Brian's Winter
- First edition
- Author: Gary Paulsen
- Audio read by: Richard Thomas
- Language: English
- Series: Brian's Saga
- Genre: Young adult
- Publisher: Delacorte Press
- Publication date: January 1996
- Publication place: United States
- Media type: Print (paperback)
- Pages: 134 pg
- ISBN: 0-590-69013-2
- OCLC: 38465608
- Preceded by: The River
- Followed by: Brian's Return

= Brian's Winter =

1996 novel by Gary Paulsen

Brian's Winter is a 1996 young adult novel by American author Gary Paulsen. The audiobook is narrated by American actor Richard Thomas.

Brian's Winter is the third novel in the Hatchet series, but second in terms of chronology as an alternate ending sequel to Hatchet. It was also released as Hatchet: Winter by Pan Macmillan on February 9, 1996.

==Background==
At the end of the novel Hatchet, thirteen-year-old Brian Robeson, who has been trapped in the Canadian wilderness after a plane accident, decides to dive for a "survival pack" from the submerged aircraft. He almost drowns trying to tear the plane open. He recovers, among other things, an emergency transmitter. Within hours, a pilot receives the beacon and rescues him. The book ends with a note that Brian, who learned wilderness survival through trial and error, probably would not have survived the upcoming harsh winter on his own.

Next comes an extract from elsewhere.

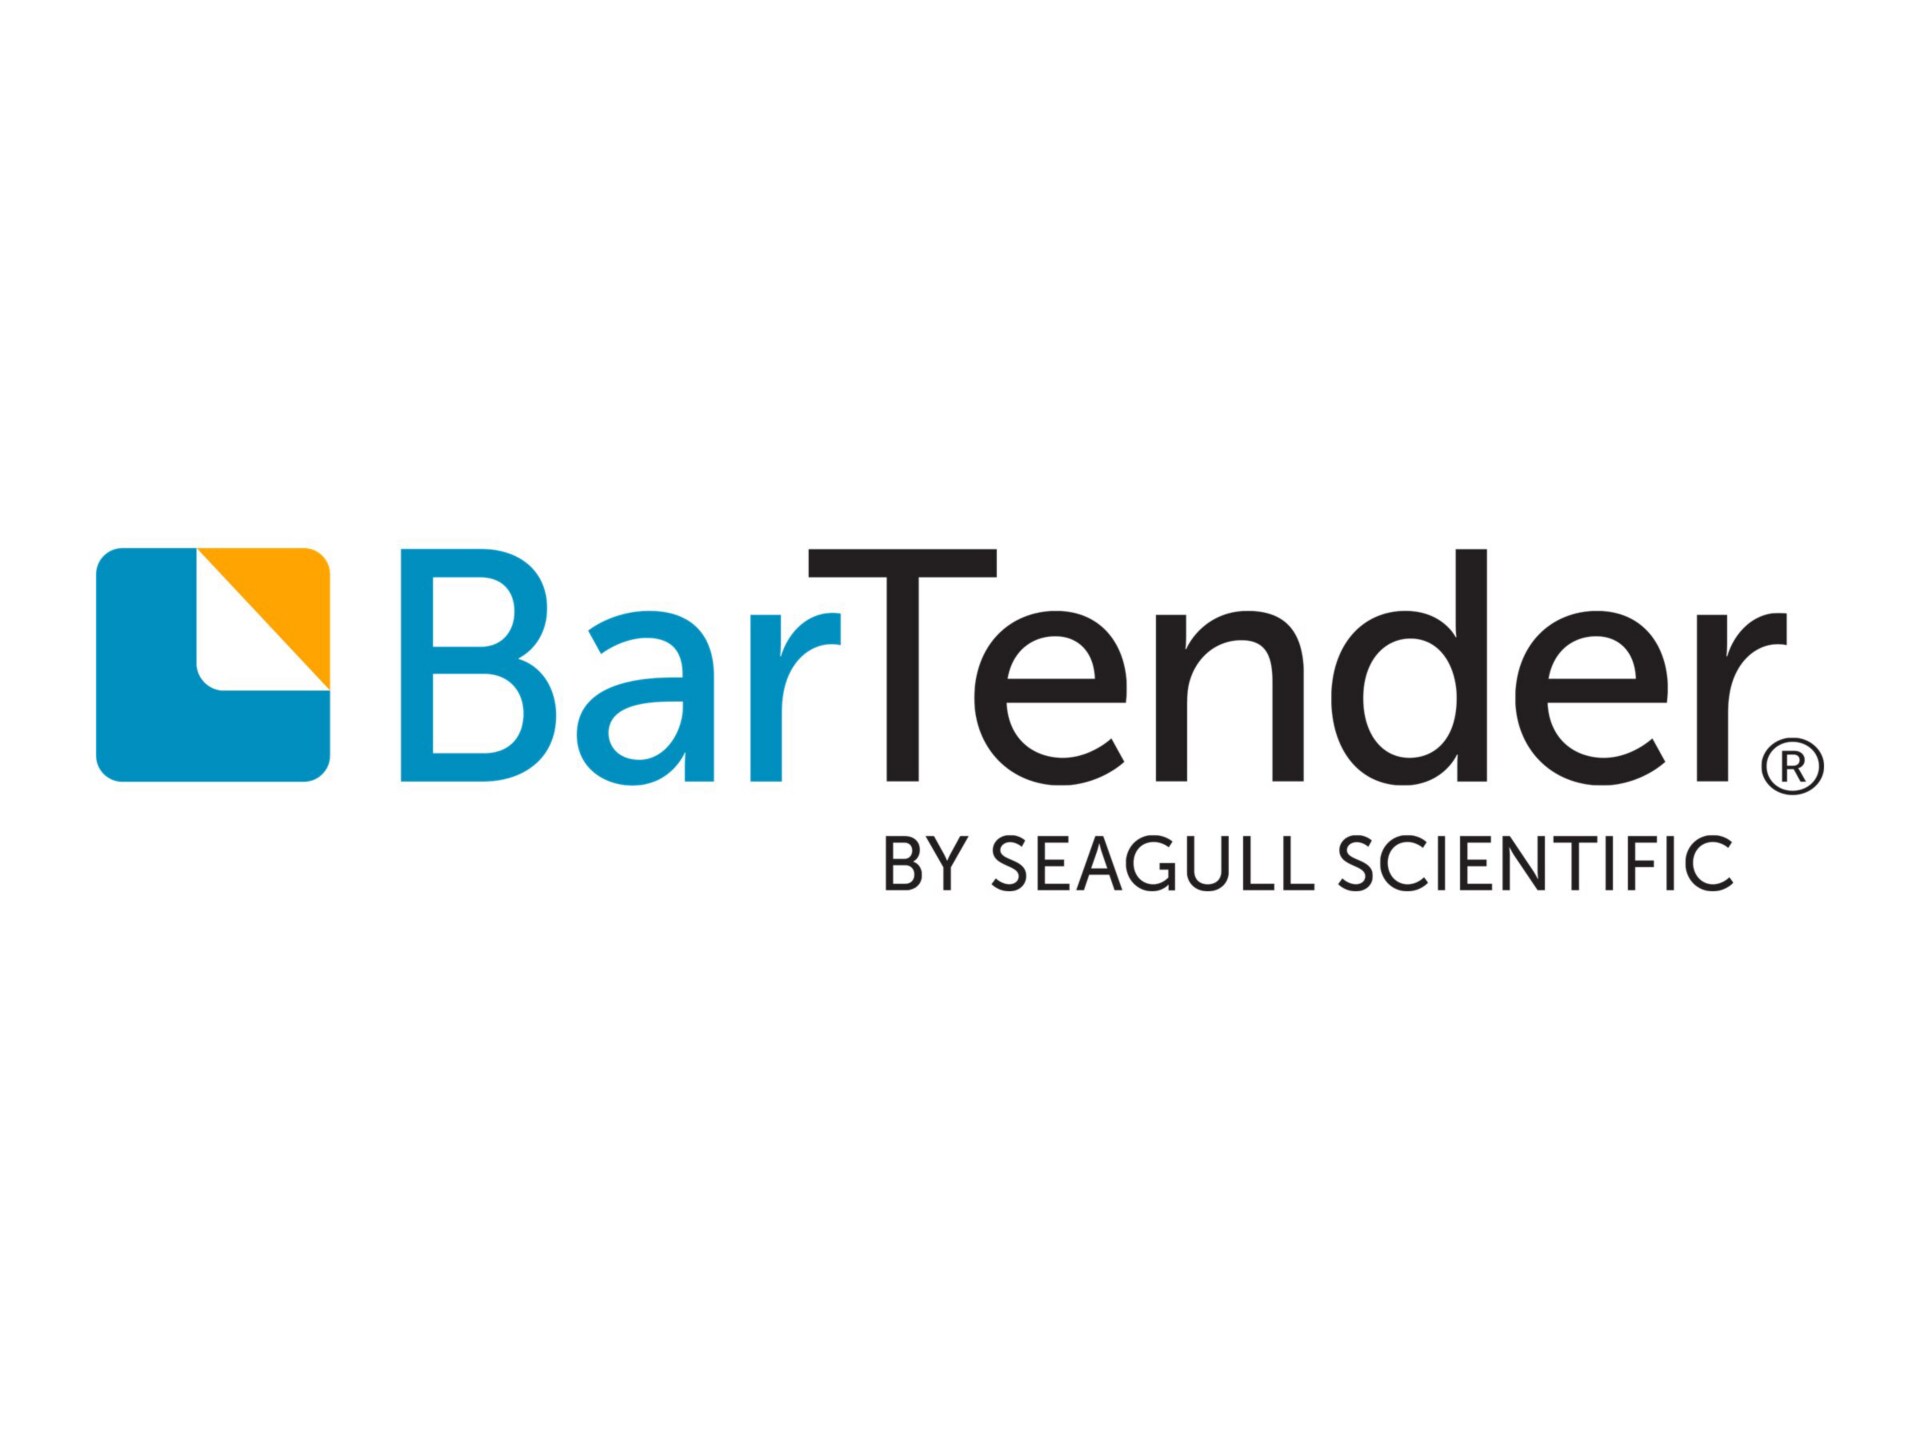 BarTender Enterprise Edition - licence de mise à niveau - 1 application

Paulsen says that many readers wrote to him, complaining about the deus ex machina ending. In response, Paulsen wrote Brian's Winter, which explores what would have happened if Brian had not activated the transmitter.

==Plot summary==
The story deals with Brian, still stranded at the L-shaped lake during the fall and winter, constructing a winter shelter, building snow shoes, being confronted by a bear, befriending and naming a skunk and learning how to make a bow more powerful. Eventually, Brian meets a family of Cree trappers, the Smallhorns, who help him return home.

==Continuity with series==
Brian's Winter is followed chronologically by the two sequels, Brian's Return and Brian's Hunt as they recognize the book as a series canon. The River does not and includes no mention that the events of Brian's Winter ever took place as Brian tells Derek Holtzer that he only spent fifty-four days in the wilderness. This is because The River was published in 1991, five years before the release of Brian's Winter.

==Reception==
Brian's Winter was well received by critics, including a starred review from Kirkus Reviews.

Publishers Weekly discussed how "the pace never relents," given that "the story begins, as it were, in the middle, with Brian already toughened up and his reflexes primed for crisis." They also highlighted the numerous cliffhangers and "supreme challenges" throughout the pages.

The Young Adult Library Services Association included Brian's Winter on their 1997 list of Quick Picks for Reluctant Young Adult Readers.